И наконец, последний этап: новый взлет, борьба против тирании, за res publica, фактическое руководство государственной политикой (с декабря 44 по апрель 43 г.). С одной стороны, как уже отмечалось в литературе, речь шла на сей раз о вполне реальной опасности, ибо Марк Антоний представлял собой куда более серьезную угрозу жизни Цицерона, чем в свое время Катилина, и потому позиция Цицерона в этой борьбе была, безусловно, более принципиальной и последовательной. С другой стороны, — и об этом также сказано выше — пожалуй, никогда в своей жизни Цицерон, даже если учесть всю историю его отношений с Клодием, не вел в такой степени личной борьбы и не испытывал такой личной ненависти, как в этом последнем случае с Антонием. Но здесь, конечно, действовали не только персональные мотивы. Ситуация действительно сложилась так, что «личная» борьба против Марка Антония была ближайшей и вместе с тем неизбежной задачей, которую следовало срочно разрешить, прежде чем переходить к реализации задачи более высокой, но и более отдаленной — восстановление res publica.
Как бы то ни было, но в ходе этой борьбы Цицерон в значительной мере отрешился от своих прежних — времен борьбы с Катилиной (и Клодием) — беспочвенных иллюзий. Мы уже отмечали, что в кампании, организованной им против Антония, чувствуется расчет и опыт зрелого политика. Поддержка цезарианской оппозиции против Марка Антония, возглавляемой Октавианом, объединение ее с оппозицией сенатской, полное понимание того, что необходима опора на вооруженную силу и готовность в любой момент перейти от войны словесной к борьбе с оружием в руках, т.е. к гражданской войне, — все это говорит о том, что Цицерон подверг коренному пересмотру свое понимание целей, задач и методов политической борьбы. И если некогда он совершенно искренне заявлял, что он никоим образом не сторонник хирургического вмешательства, то теперь только на отсечение пораженных частей общественного организма, только на физическое уничтожение тирана он возлагал все свои упования.
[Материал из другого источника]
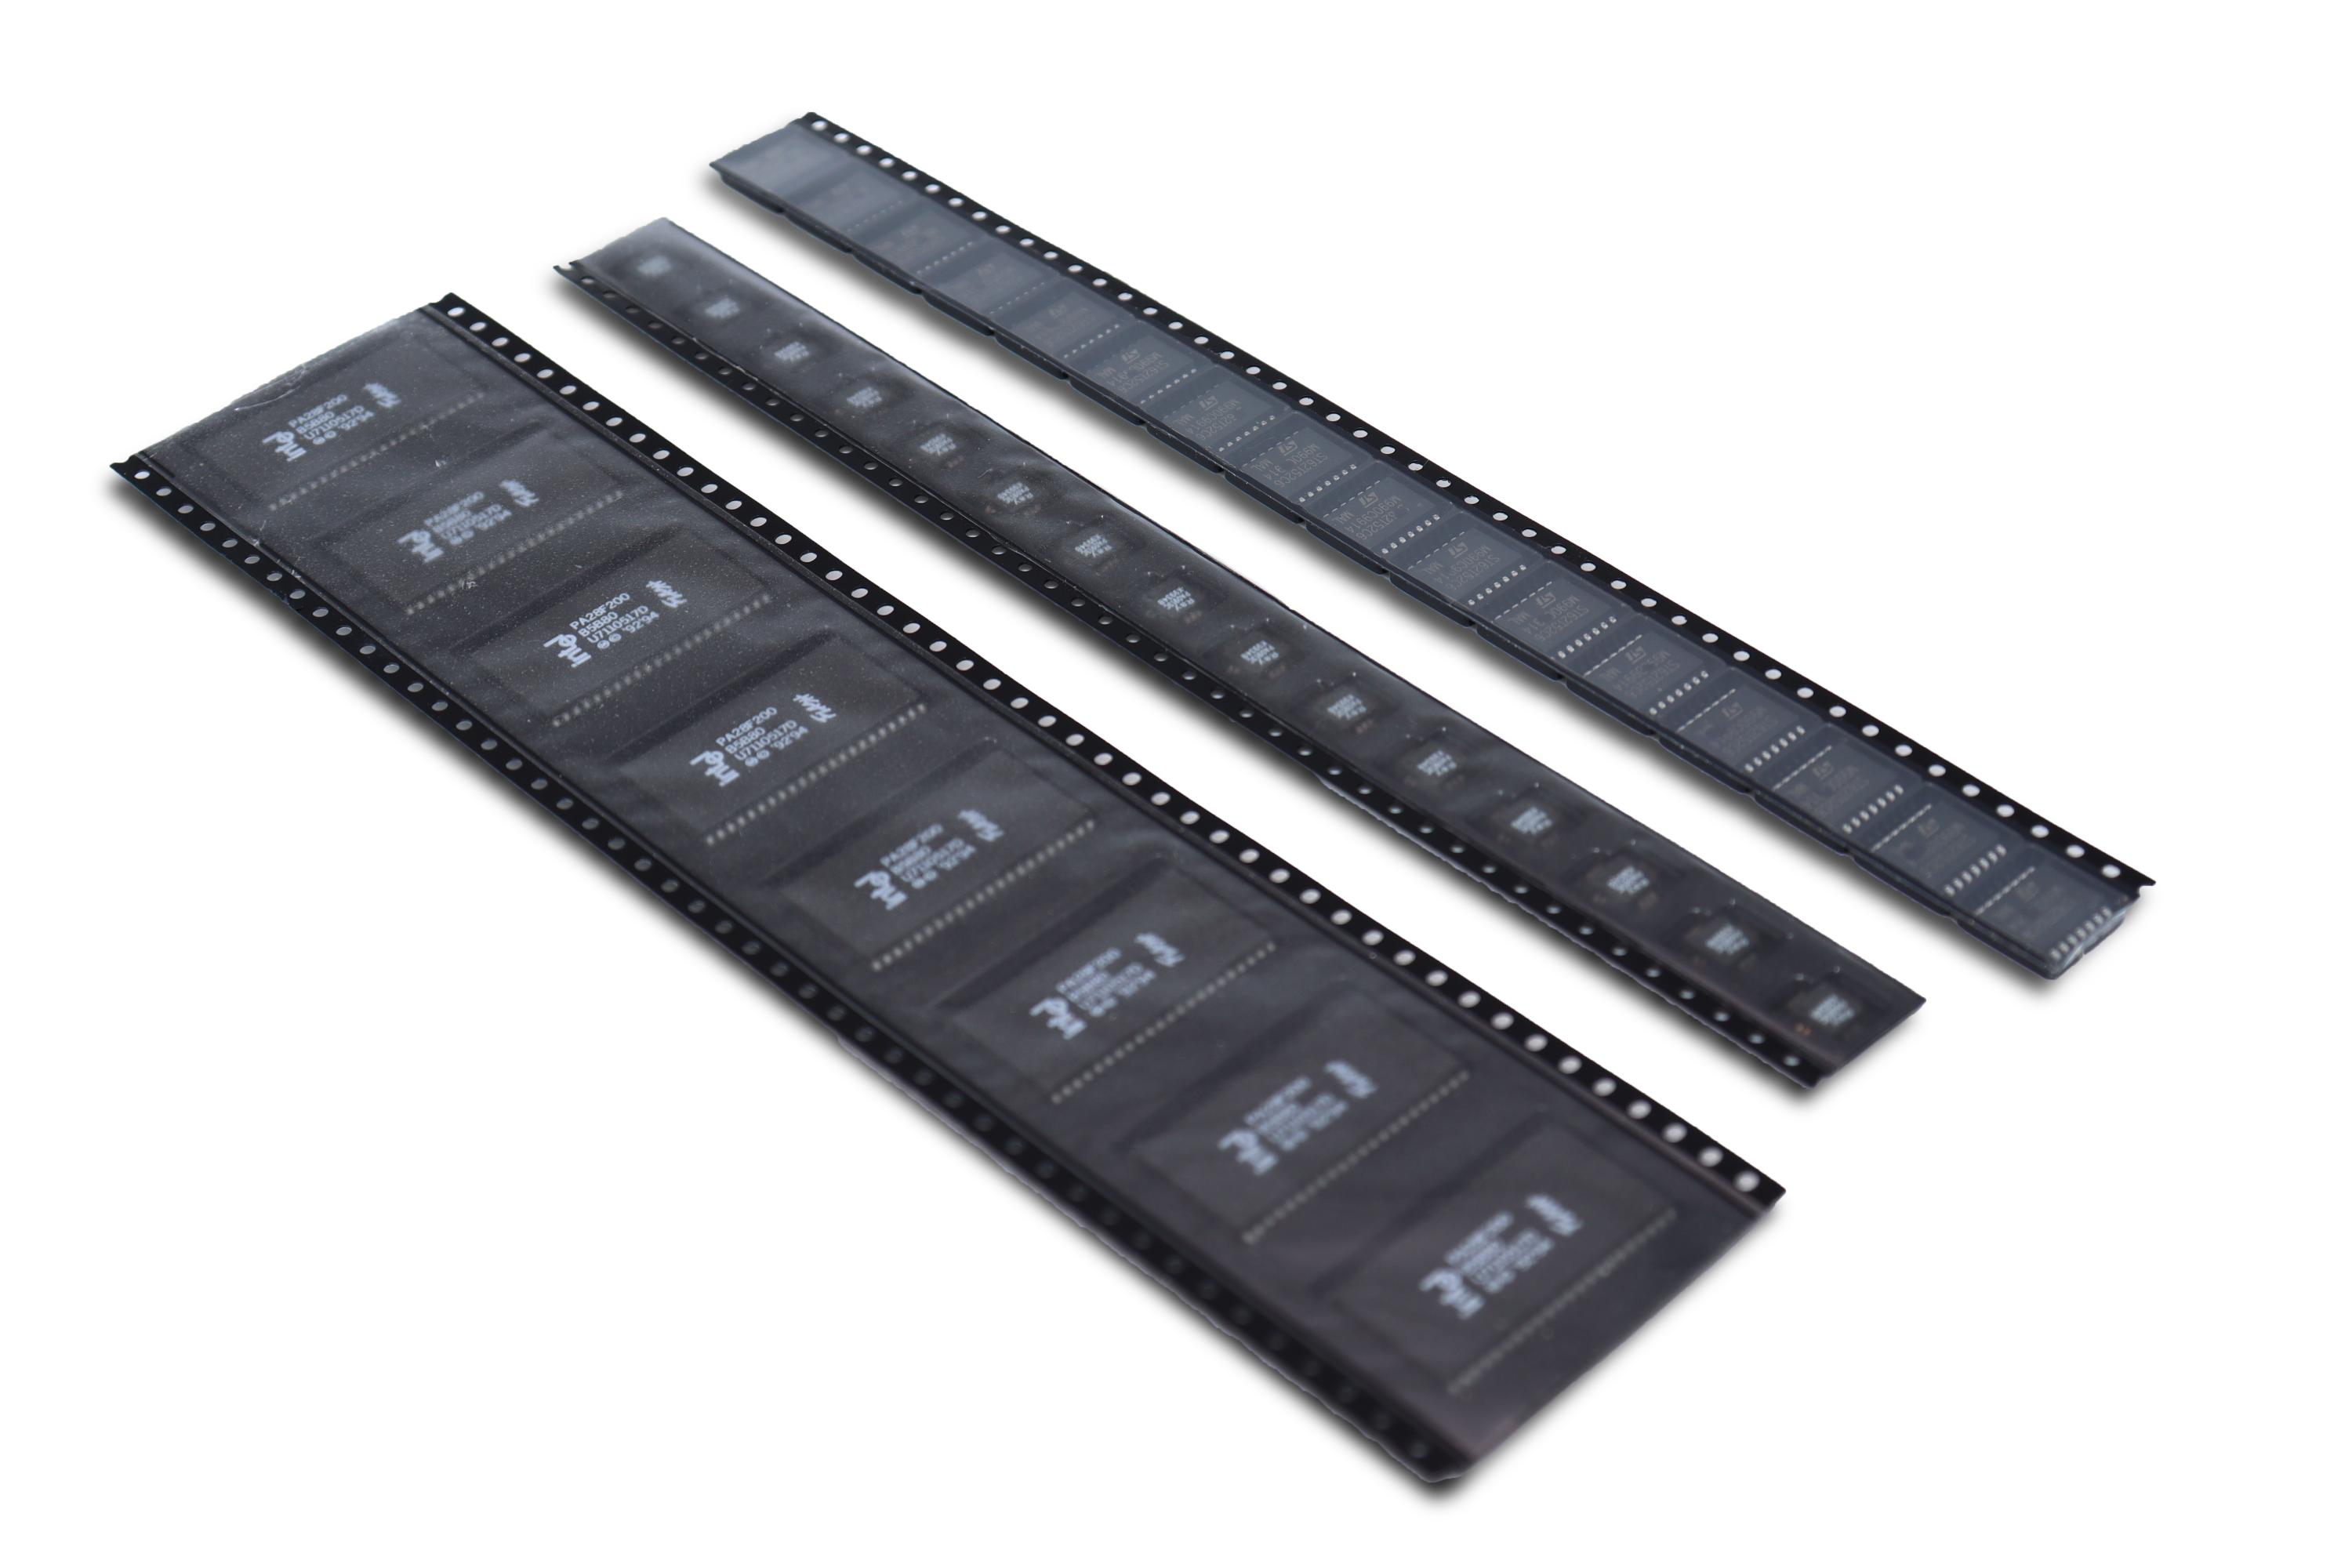 smd components in carrier tape

Изменилось теперь и отношение Цицерона к его собственным политическим лозунгам. По существу пересмотрен вопрос о приоритете «тоги» над «мечом». Если этот приоритет ликующе утверждался после победы над Катилиной, если примерно через семь лет после событий Цицерон все же ревностно его защищал и отстаивал, то в трактате «Об обязанностях» пресловутый стих из его собственной поэмы звучит скорее как воспоминание о славном прошлом, а вовсе не как лозунг и призыв. И наконец, в Филиппиках Цицерон вынужден признать уже обратное соотношение — теперь «тога» отступает и склоняется перед «оружием».
Что касается другого лозунга, верность которому Цицерон пронес до конца своей политической деятельности, лозунга «согласие сословий», то здесь дело обстоит следующим образом. Мы могли убедиться в том, что этот лозунг впервые наметился еще в 66 г., в речи за Клуенция. В дальнейшем он становится лейтмотивом почти всех политических выступлений Цицерона. Он звучит с особой силой и торжеством в Катилинариях, он возрождается в речах по возвращении из изгнания, он звучит в годы «анархии», и, наконец, мы слышим его в Филиппиках, где снова возникает страстный призыв ко всем сословиям и всем «честным людям» объединиться в борьбе против новой тирании. Итак, Цицерон действительно сохранял верность своему излюбленному лозунгу вплоть до последних дней. Чем же это объясняется? Каков был реальный смысл и значение лозунга, дающие, очевидно, возможность применять его в самой различной политической обстановке?